What is The Fed? That’s what we’re going to learn about in this section on monetary policy: Actions by the Federal Reserve (Central Bank) to change the money supply in order to stabilize the economy. Often times there’s confusion about what the Federal Reserve is and whether or not it is a private bank – it is not a private bank. The Federal Reserve, often referred to as “The Fed” is the central bank of the U.S. and central banks are not unique to the U.S., as most countries have them. Although the goals/procedures of each country’s central bank may differ, they all typically address stabilizing the money supply in order to stabilize the economy.
In the U.S., The Fed has a dual mandate of maximum employment (equal to the natural rate of unemployment) and stable prices (2% to 3% inflation per year).
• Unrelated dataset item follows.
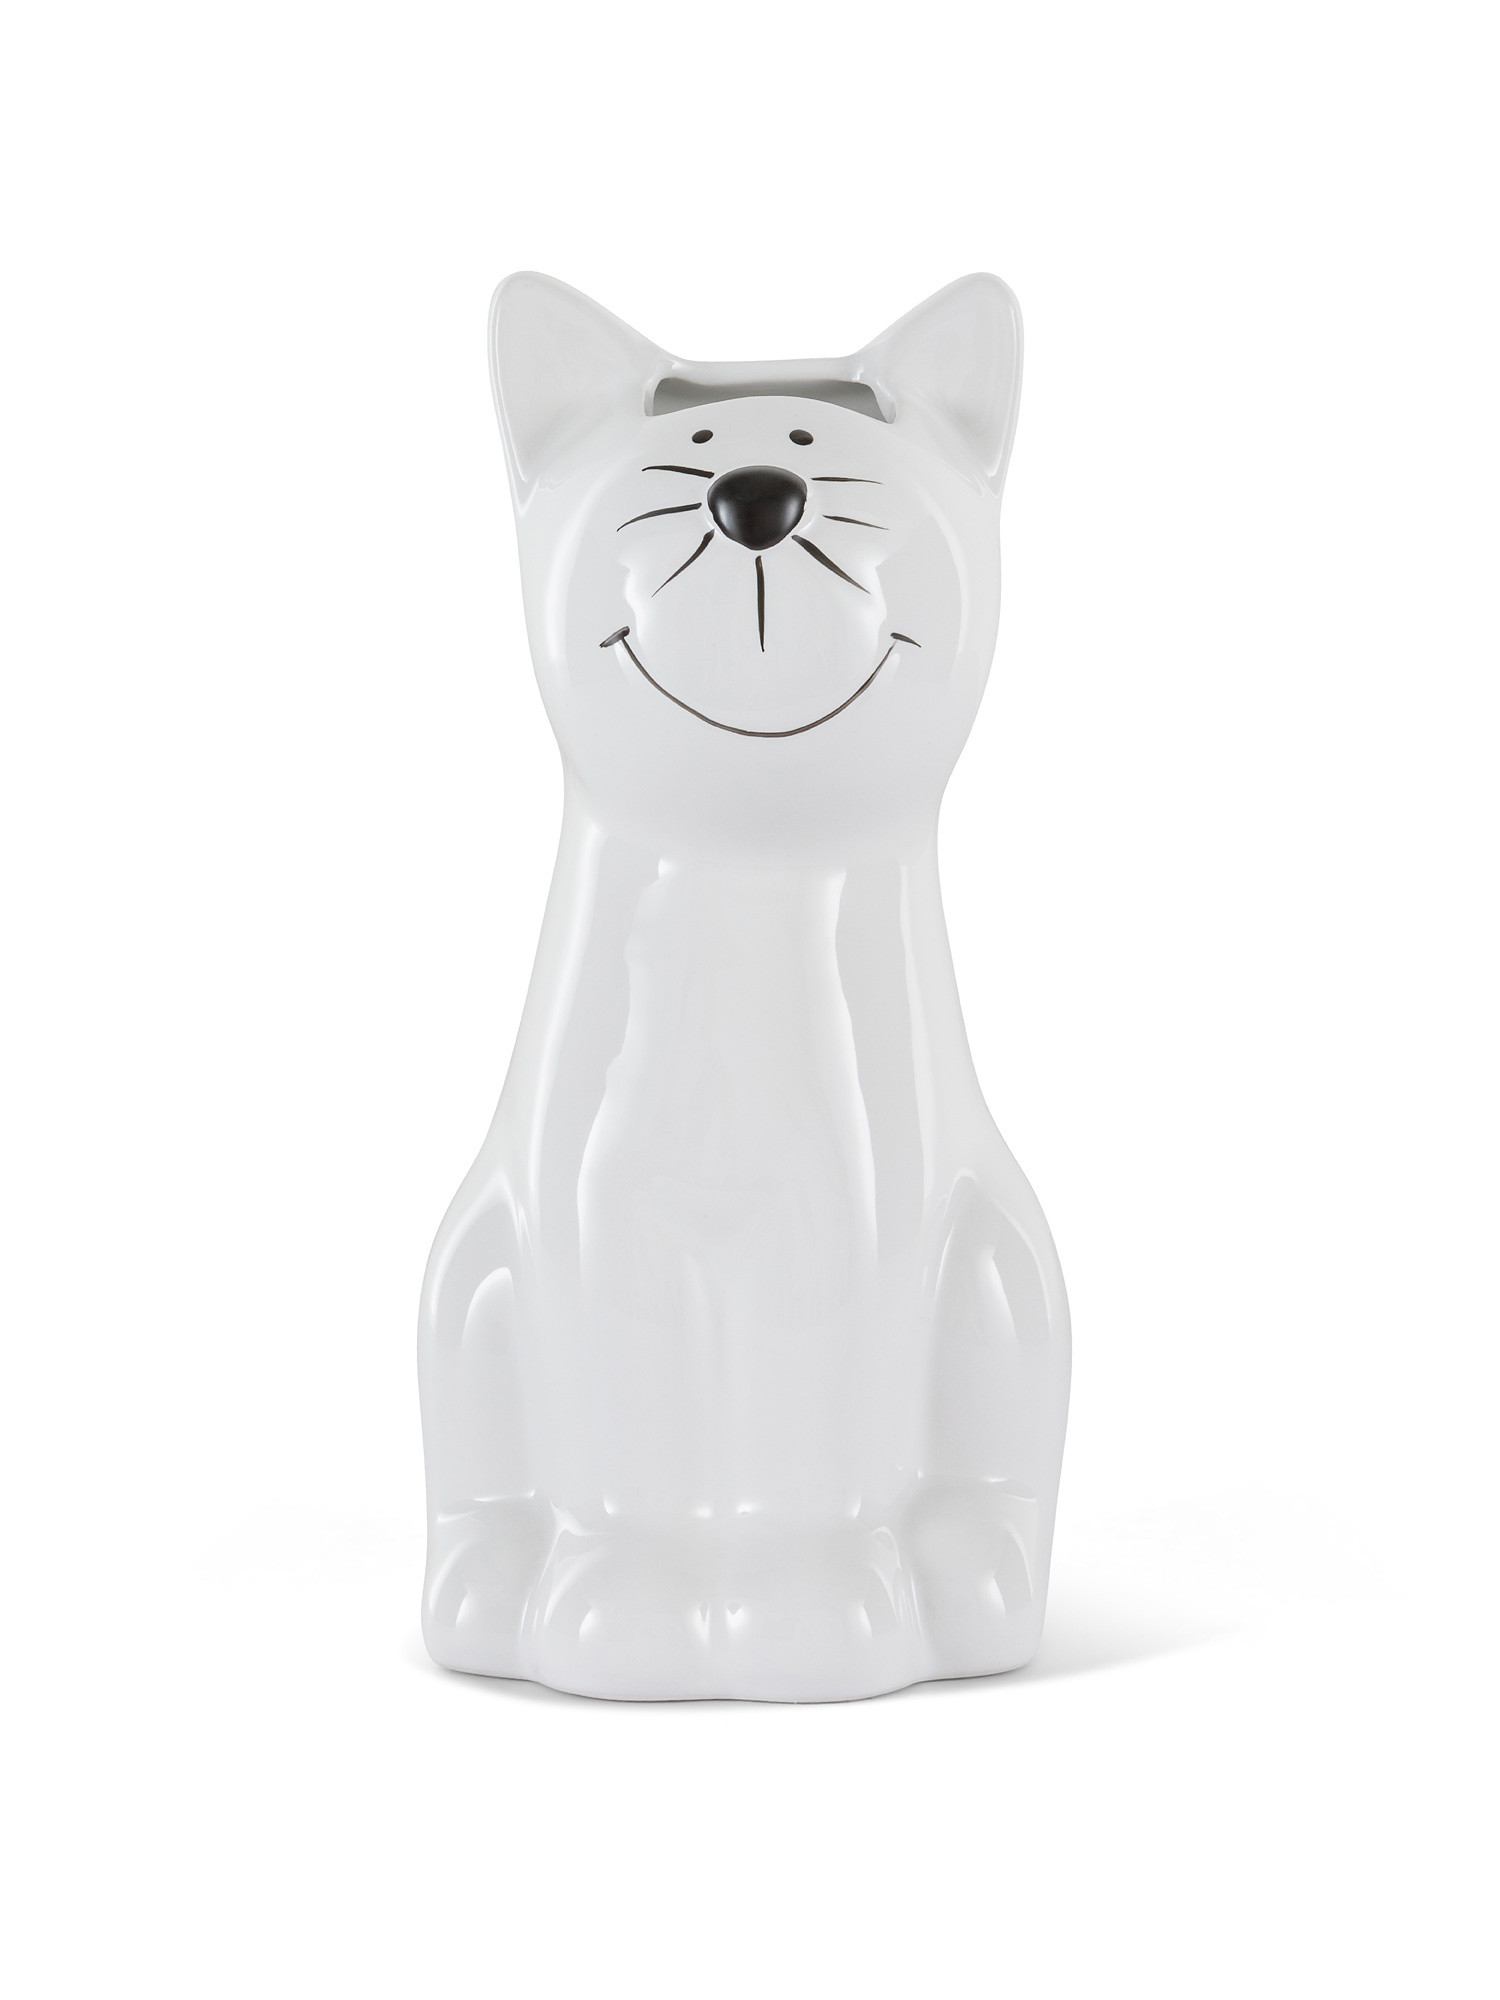 Umidificatore ceramica a gatto, Bianco, large image number 0

In addition to their dual mandate, The Fed also has the goal of stability in the financial markets and long-term economic growth. The Fed is part of the U.S. government but has independence/autonomy with some checks and balances built into the system. For example, the President appoints The Fed Chair as well as other Federal Reserve Governors and the appointees must be confirmed by the Senate. The appointees have term limits and there are also 12 district Federal Reserve branches spread throughout the country. The following videos discuss more about the structure of the Federal Reserve and its goals and you can learn more about The Federal Reserve system here.
For this discussion, we’re going to discuss The Feds policy on adjusting the Federal Funds Rate (FFR). The FFR is the rate that one commercial bank such as Chase or Bank of America, lends to another bank, typically for a short-term loan of only a day or two. This may occur when, for example, the reserves of a bank fall close to their required reserves (maybe they had an unusual amount of withdraws from their customers on a particular day) and in order to avoid a potential fine from The Fed (which regulates and oversees all commercial banks), they borrow from another bank. It’s often assumed that The Fed sets the FFR but in actuality, they target the FFR through open market operations.
Initial Discussion Post:
The following chart shows the trend in the FFR since 2000. As you’ll notice, there are times when The Fed raises and lowers the FFR as well as keeps it relatively constant.
Effective Federal Funds Rate
1. Explain the impact that raising and lowering the FFR has on the economy (3 – 5 sentences).
2. In reviewing the trend since 2000, do you agree or disagree with The Feds policy regarding the FFR? Within your response, describe the monetary policy response that The Fed was taking and why. If you’re not sure what was going on with other macroeconomic variables over this time frame, use FRED! Try search for macroeconomic variables that we’ve learned about this semester such as Real GDP, Unemployment, Inflation (CPI), or others. These additional variables can help illustrate some of the context around what was happening over that time frame and help you to include more content within your discussion post (1 – 2 paragraphs).
Peer response:
1. Choose 1 peer posting and respond. Do you agree with their analysis? Are there any aspects and/or concepts that you could elaborate on? Or, share some additional aspects about monetary policy that you find relevant to their post (1 – paragraph).